The court, after considering all of these facts, found for the plaintiff, and rendered judgment granting her immediate possession, and damages for the use and occupation of the premises in the sum of $ 420 and costs. A motion for new trial was duly filed, overruled, and exception saved, and an appeal lodged in the United States Court of Appeals of the Indian Territory, and the same now comes to us for our consideration by virtue of our succession to that court.

Maxey & Runyan, for appellants

Benj. Martin, Jr., for appellee

DUNN, J.

¶1 Counsel for plaintiff in error in their brief take the position that section 35 of the Creek Agreement, passed and approved by Congress on March 1, 1901, c. 676, 31 Stat. 871, and afterwards ratified by the Creek nation, commonly known as the "original agreement," gives to Creek parents, as the natural guardians of their minor children, the right to lease the lands allotted to them without the intervention of any court, and that when such leases were made, they were prima facie valid and legal. Counsel for defendant in error meet this by the authority of the cases (Indian Land & Trust Co. v. Shoenfelt, 5 Indian Terr. 41, 79 S.W. 134, and Pilgrim v. McIntosh et al. [Ind. T.] 104 S.W. 858), which hold generally that a lease by a natural guardian who has not submitted himself and his actions to a court having jurisdiction, nor executed a bond, nor procured an order to lease, is void.
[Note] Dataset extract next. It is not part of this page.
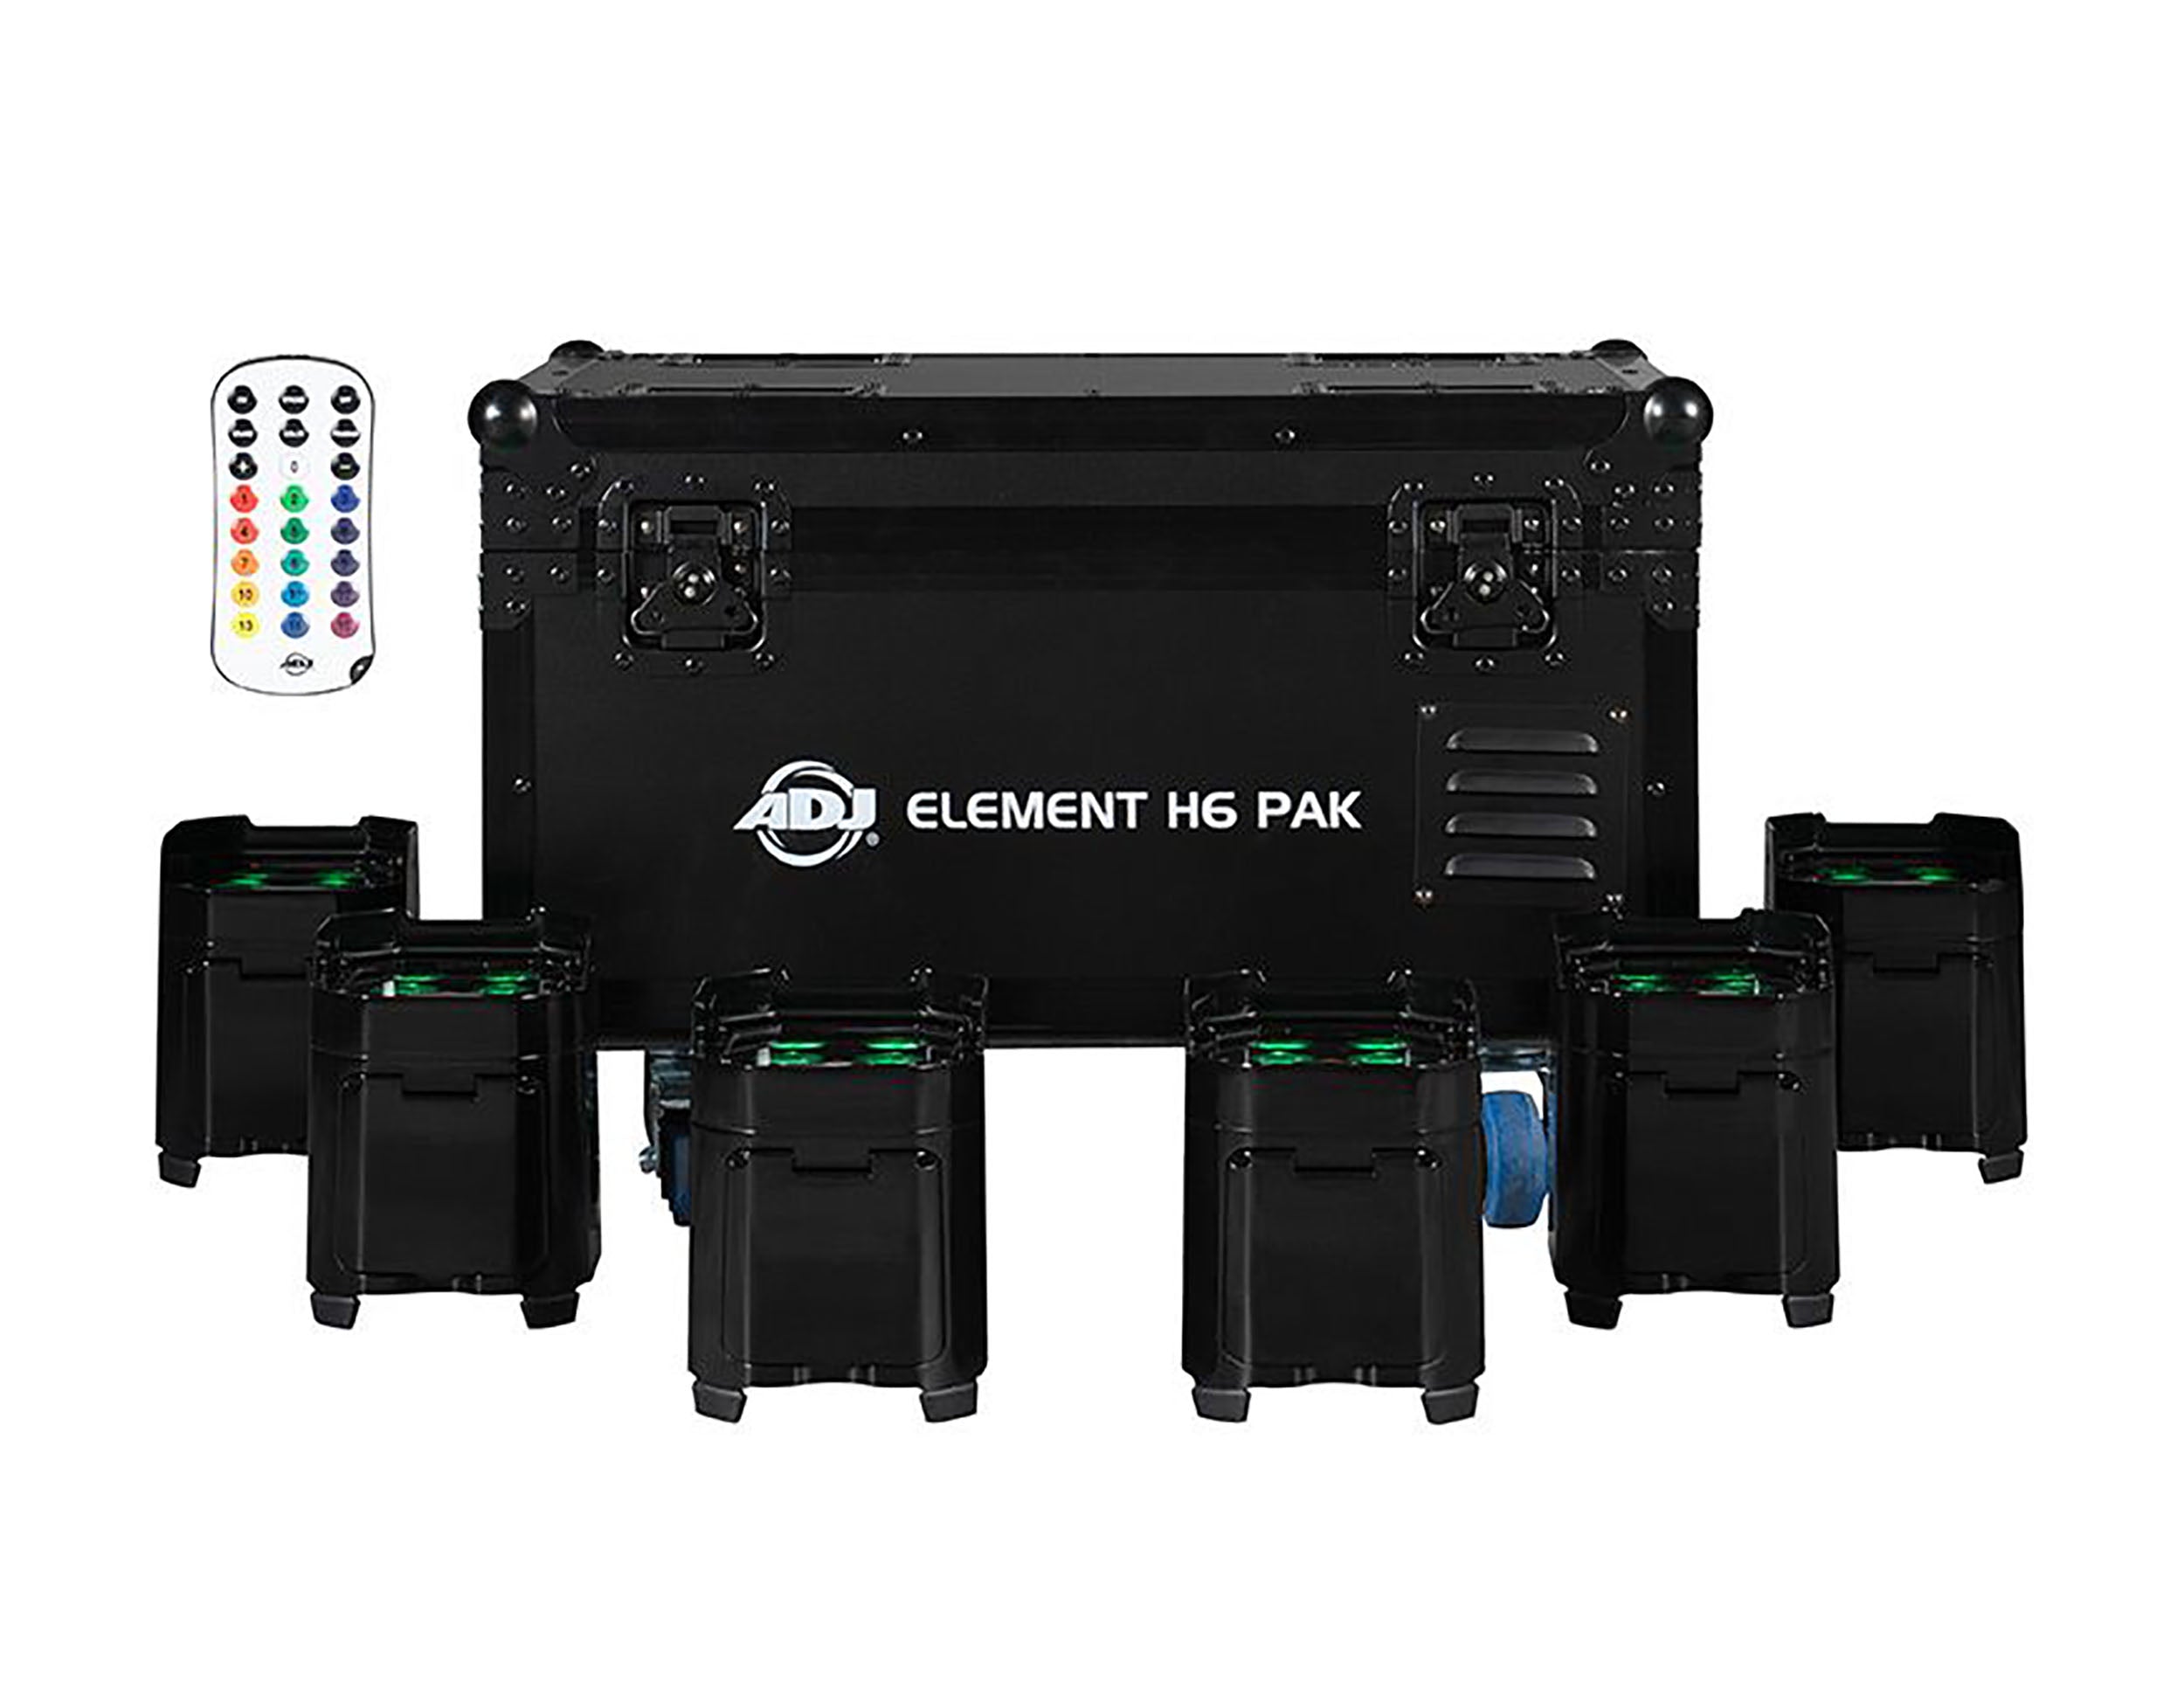 ADJ Element H6, Event Up Lighting System With (6) IP54-Rated Black Fixtures and Charging Flight Case by ADJ

¶2 The first of these cases (Indian Land & Trust Co. v. Shoenfelt) was carried to the Circuit Court of Appeals, and there reversed (135 F. 484, 68 C.C.A. 196) on other grounds than the one of interest here. So that, so far as the principle involved in this case is concerned, it may be considered as an expression of the judgment of the Court of Appeals of the Indian Territory on the proposition. That case grew out of the action of the United States Indian agent acting on behalf and in the interest of a minor, under the statute which gave such official power to place a minor in possession of his lands when they were held under contract "not obtained in conformity to law." The second case was one where Pilgrim sought to enjoin the regular appointed guardian and the United States Indian agent from interfering with him in his possession of the lands of a minor, which he held under a contract made with the natural guardian. So it will be seen the defendants in each case were proceeding to protect the interests of, and acting for the minor, and the court held that as against the minor, the contracts of lease presented which had been made by the natural guardian were void. The basis for the conclusion to which the court came was that the statutes of Arkansas relating to guardians and minors were controlling, and were neither repealed nor their controlling force defeated by any subsequent treaty or federal legislation.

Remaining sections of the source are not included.